Devaney expressed optimism with Kempthorne's department-wide call for change. Unfortunately, Interior's mess is only getting worse -- as shown by the Indian trust debacle and the "black hole" known as land-into-trust.
When Ross Swimmer was brought on as the Special Trustee for American Indians, his predecessor was slammed for failing to address discrepancies in tribal and individual Indian trust accounts. Yet a recent report from the Government Accountability Office shows that Swimmer hasn't fixed those problems either.
The same report also noted that top OST officials received nearly $250,000 in awards and bonuses despite completing just three out of eight key trust reform goals -- far from a great track record. Meanwhile, probates keep piling up, millions of dollars in trust funds
are being kept from individual Indians and there's still no accounting of the $13 billion
that has passed through the system since the early 1900s.
On land-into-trust, the BIA can't show progress either.

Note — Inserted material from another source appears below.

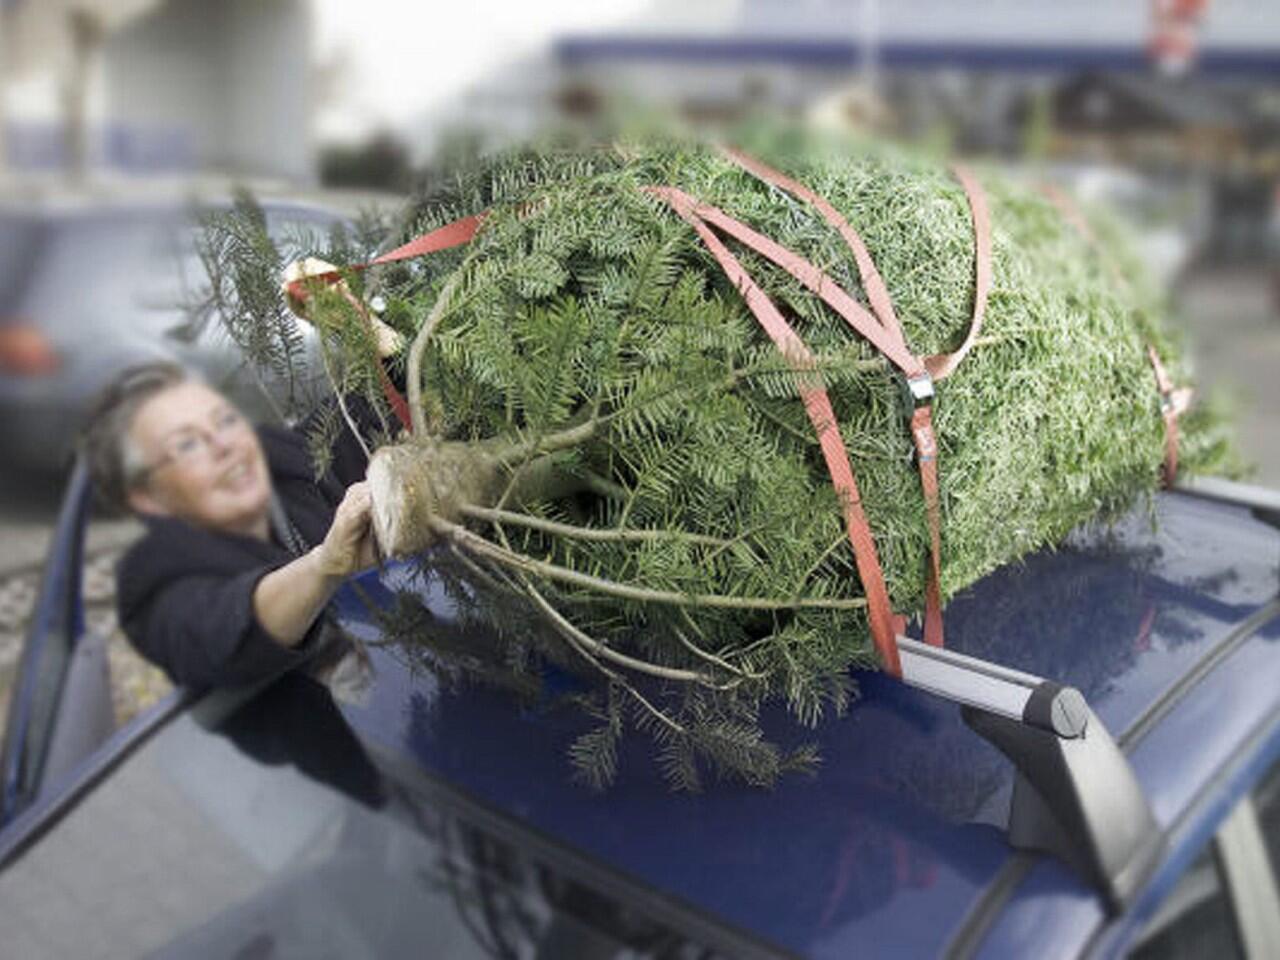 Weihnachtsbaum transportieren: So kommen Sie und der Baum sicher ans ...

When George Skibine, the head of the Office of Indian Gaming Management, was asked back in May 2005 how many applications were pending, he said it was "probably" in the hundreds.
But at the hearing last week, we learned that "over 1,000" applications are pending, according to Robin Nazarro, the director of natural resources and Environment at the GAO.
So it comes as no surprise that tribal leaders call land-into-trust the "black hole" at the BIA.
House Resources Committee Hearing:
Reports, Audits and Investigations by the Government Accountability
Office (GAO) and the Office of Inspector General Regarding the
Department of the Interior
(February 16, 2007)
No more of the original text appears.